De vuelta en el ático de Hannah sin camisa, o como decidieron llamarla mientras durara la estancia de Hannah del Ascensor: Nannah, abreviatura de Hannah Nativa. En cuanto al Bernard nativo, todos decidieron llamarlo simplemente Bard, pues así le llamaban los pocos amigos que tenía en este mundo.

Nannah llevaba un rato observando a su homóloga de otro mundo desde la comodidad de su sofá. Y, por supuesto, ahora se había puesto una camisa. Hannah llevaba casi una hora entera armando un escándalo… y, en cierto modo, estaba de acuerdo con ella.
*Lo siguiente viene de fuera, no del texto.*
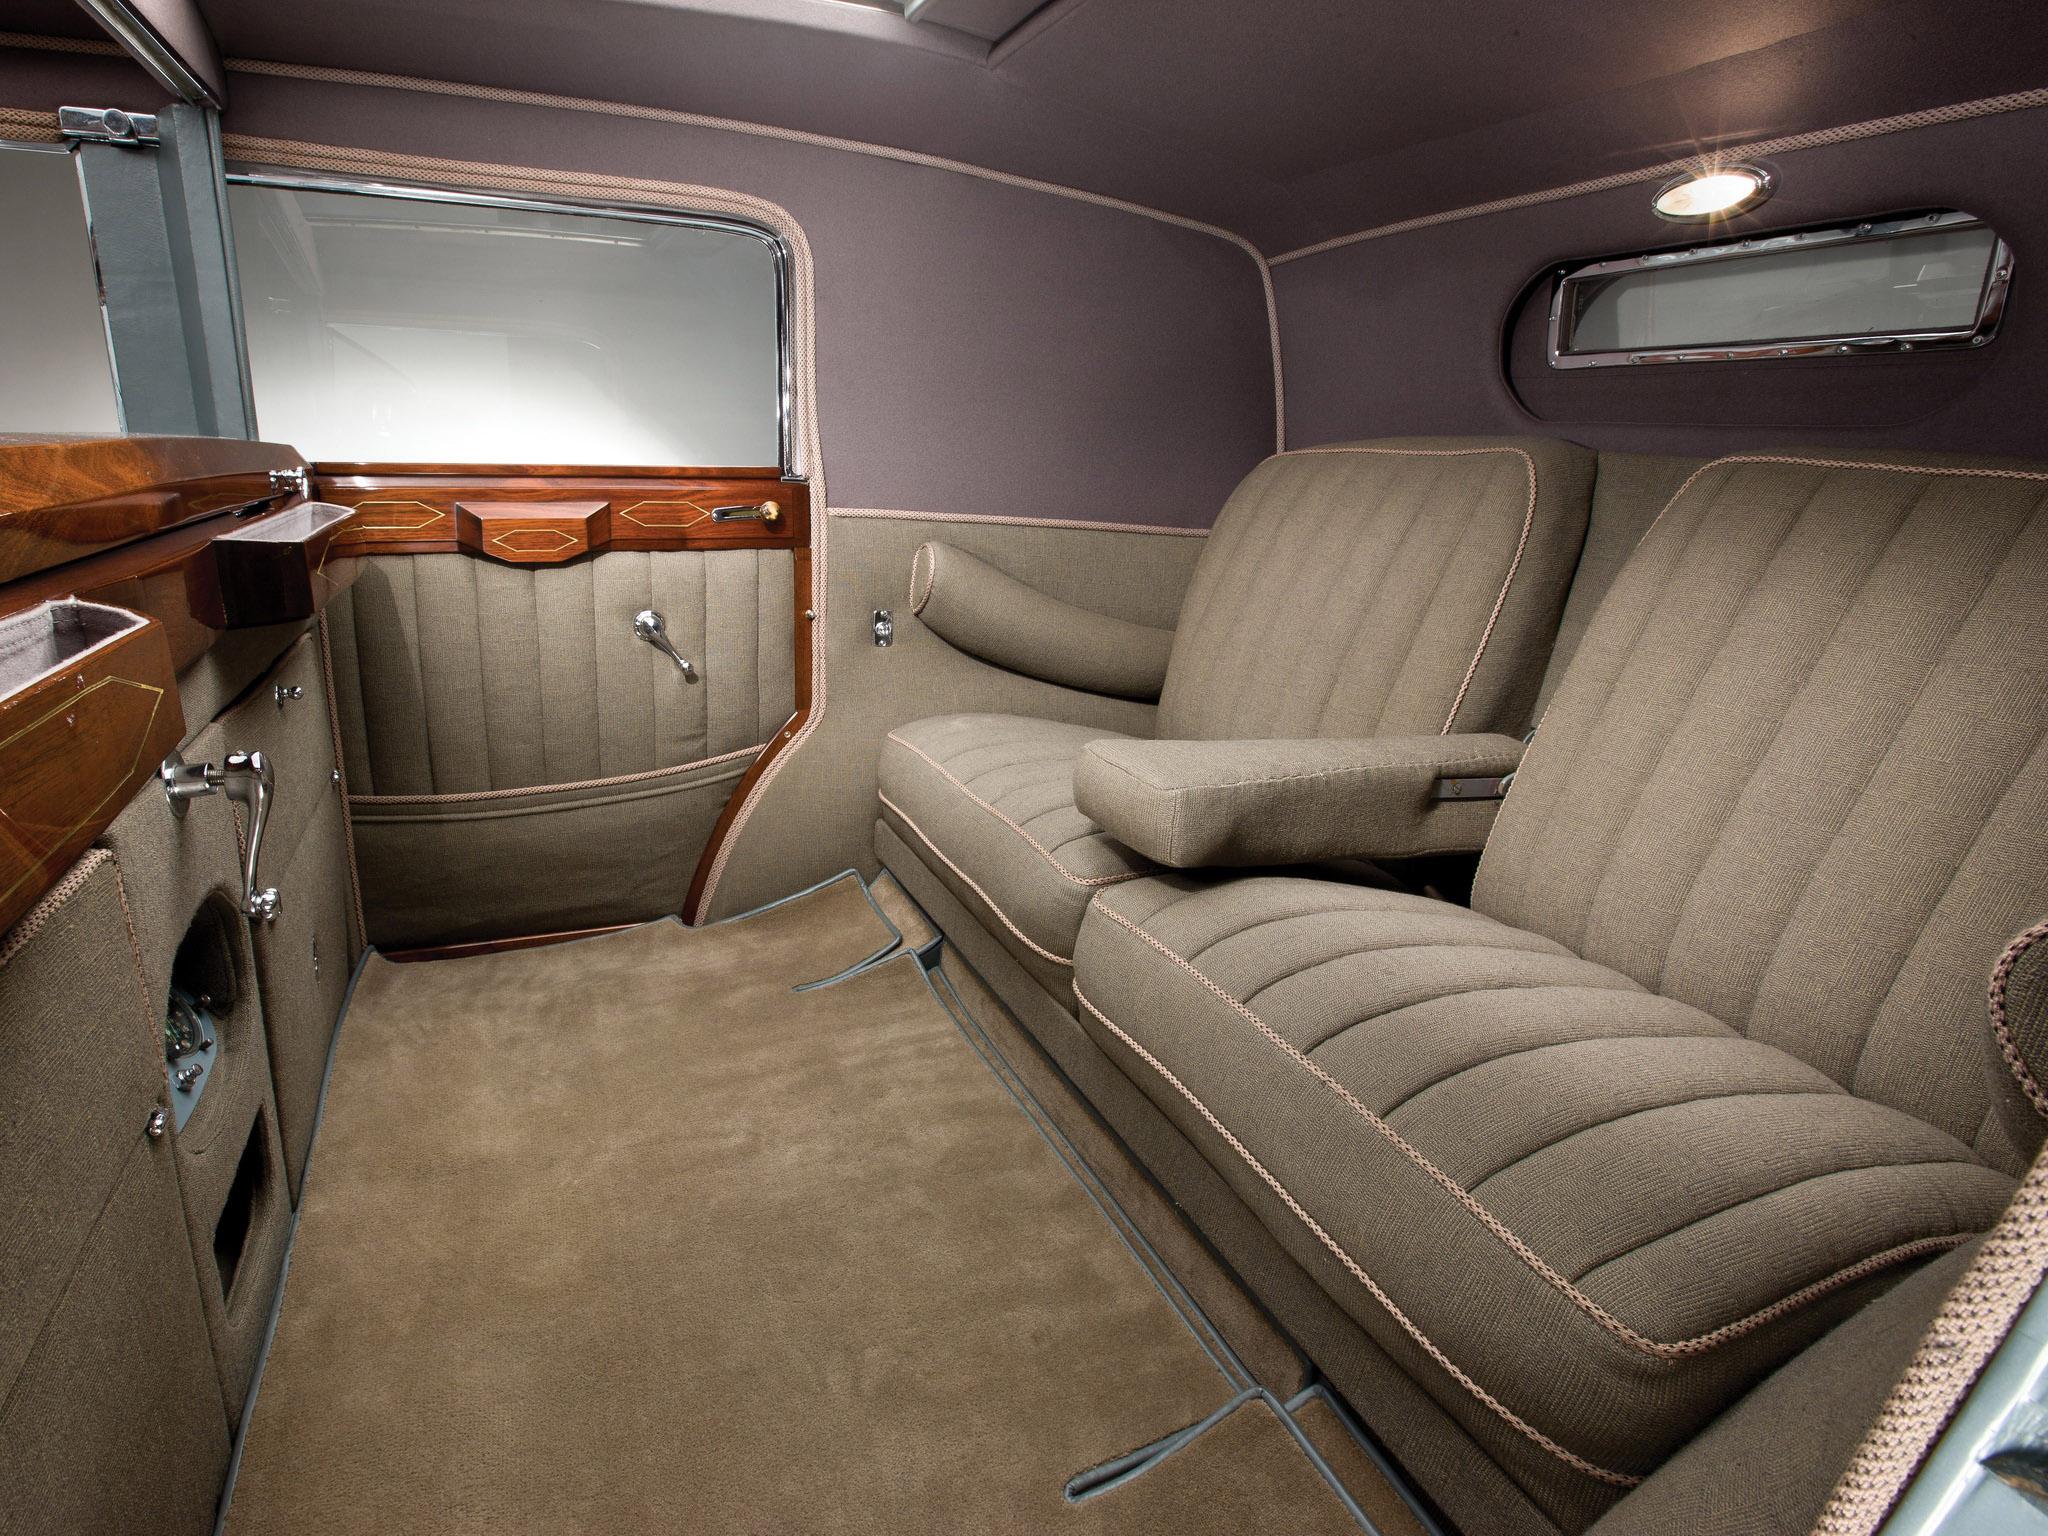 1930 cadillac sixteen v16 convertible sedan luxury retro interior g wallpaper 2048x1536. Black Bedroom Furniture Sets. Home Design Ideas

Lo único que le pareció bastante irritante fue que estuviera discutiendo con su madre… sin miedo.

—¡Agg! ¡Ya no sé qué hacer, esperemos a Riley aquí y ya está! ¡Seguro que aparecerá por arte de magia en un lugar supercasual, comiendo un helado o lo que sea! —soltó Hannah en un último refunfuño mientras se alejaba de Diana.

Silvie, que había estado intentando calmarla desde el principio, no pudo más que inclinar la cabeza y disculparse con Diana, a pesar de que ella no había hecho nada.

—Hannah, la culpa de esto no es de nadie más que de Riley, lo sabes —razonó Silvie con calma mientras la seguía.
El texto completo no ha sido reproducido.